Grumble... Go take a look at Apple's description of the G5 architecture before spouting.. Here's the relevant lines:
- Each PowerPC G5 processor has its own dedicated 1GHz bidirectional interface to the system controller for a mind-boggling 16GB per second of total bandwidth -- more than twice the 6.4-GBps maximum bandwidth of Pentium 4-based systems using the latest PC architecture
- 800MHz HyperTransport interconnects for a maximum throughput of 3.2GB per second.
Apple uses the same basic memory set-up as the AMD Opteron.Thanks for the pointer. Now, about that "most cost effective" bit? Compared to what? At retail prices?
I have been sitting here by my 1100 node G5 cluster trying to copy a 17.6 MB file for the last 20 minutes. It is so freaking slow now that I only get 44% efficiency. On my 1.5 Ghz P3 I would be able to do this in under 20 seconds. .....
I'm about as far from a Mac basher as you can get, but you are completely off-base.
ECC can *detect* two-bit errors, and can *repair* single-bit errors. ECC memory is *not* the same as parity memory!
And ECC is not designed to catch "bad" memory, it is designed to handle bit errors that occur naturally with "good" memory.

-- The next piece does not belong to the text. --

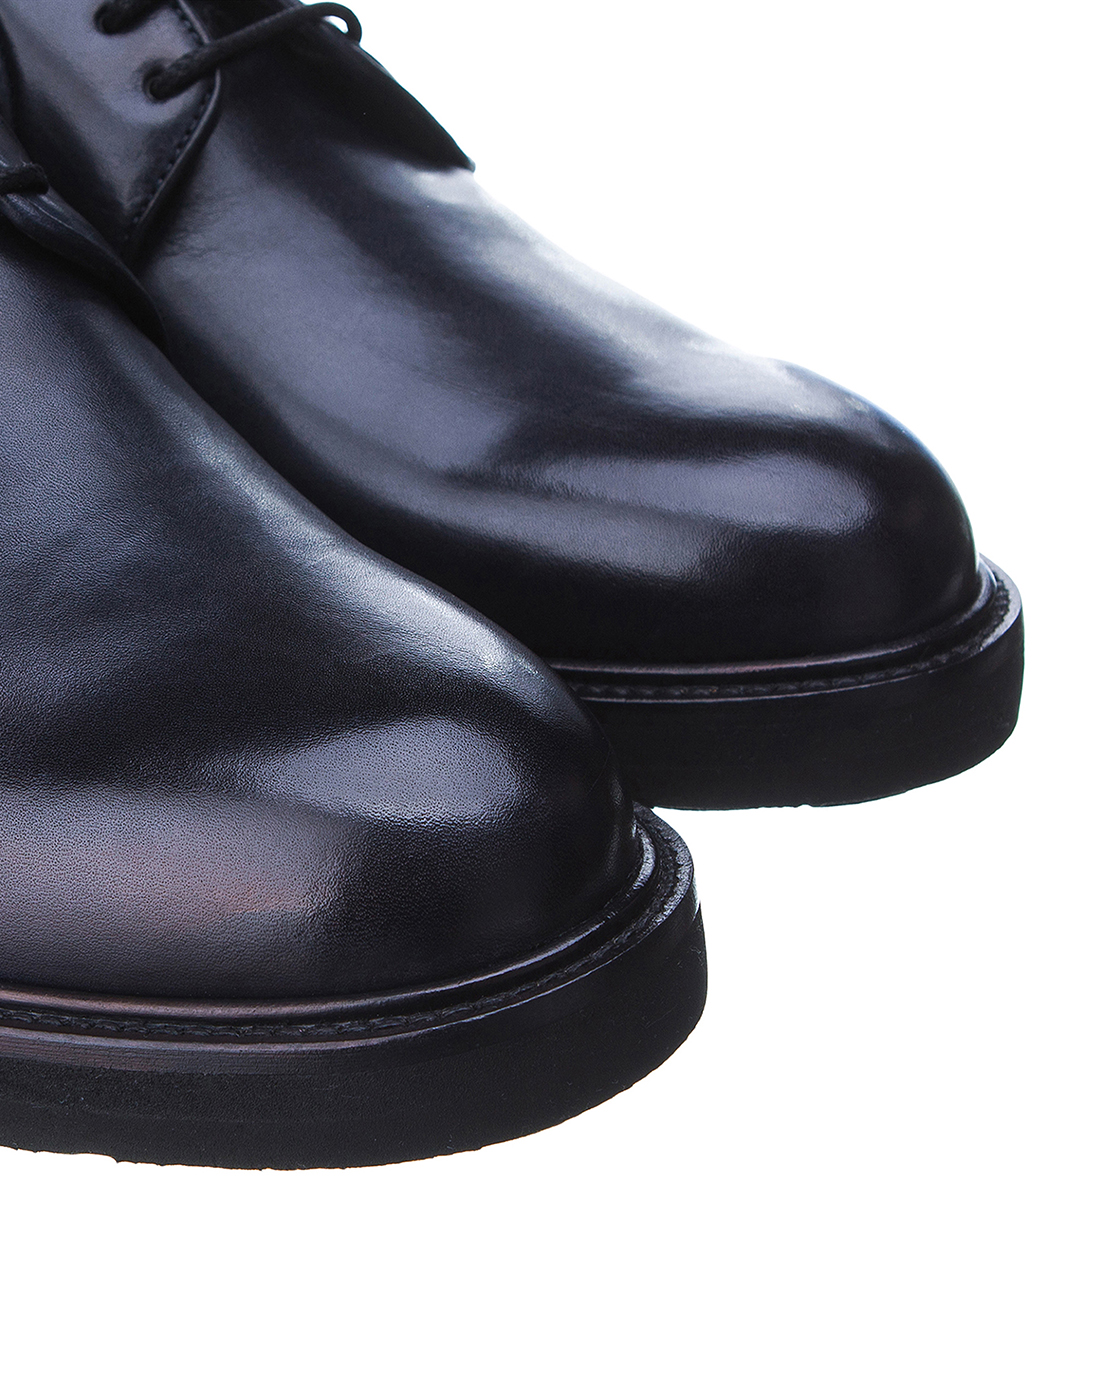 Туфли синие мужские Brecos S8066-4

All memory has a bit-error rate, which is incredibly low. However, given a system with gigabytes of RAM, you can expect a bit error every couple of days. Hopefully this error will be in an area that is non-criticle, but multiply this by a thousand or so processors, and there is a real risk.
And, since your message was so inflammatory, how about you do some f*cking research before you spout off next time...
Is the things you can find out by looking at the whole list.
Like...
The highest rated "classified" computer in the US is only at #44, a Cray with 1900 processors that clocks in at "only" 1166 GFlops. One can assume that it resides at NSA. Does anyone really believe that NSA would be using such a relatively "slow" supercomputer. Piffle. The faster ones are probably so classifed that no one without a very high security clearance even knows they were built.
Avon Products apparently has a supercomputer that can do 277 GFlops (#456 on the list). Just what on God's Green Earth does Avon need with a supercomputer that makes the Top 500? Studying flow patterns in cosmetics? Data mining the Avon Ladies? Kinda makes you wonder, doesn't it?
BMW apparently spends a whole lot of money on HP super computers, with 12 on the list (unless I missed any--#'s 225, 243, 244, 322, 323, 324, 331, 342, 417, 418, 429, and 485), with a combined processing power of 4188.6 GFlops, and that was all installed in the past three years. With all that power, they still couldn't figure out that an embedded Windows OS for their flagship car was a bad idea...maybe they need to kick the F1 team off the supercomputers for a while and let the production car guys in...
Err, Apple's G5 and the AMD Opteron don't have an even remotely related memory setup. The G5 looks a lot more like the AthlonXP and AthlonMP setups. The Opteron has an integrated 128-bit wide DDR memory controller, connects multiple CPUs directly through cache-coherent Hyptertransport links, and uses additional 32-bit, 1600MT/s HT links (3.2GB/s in each direction) to connect the CPU directly to the I/O chips.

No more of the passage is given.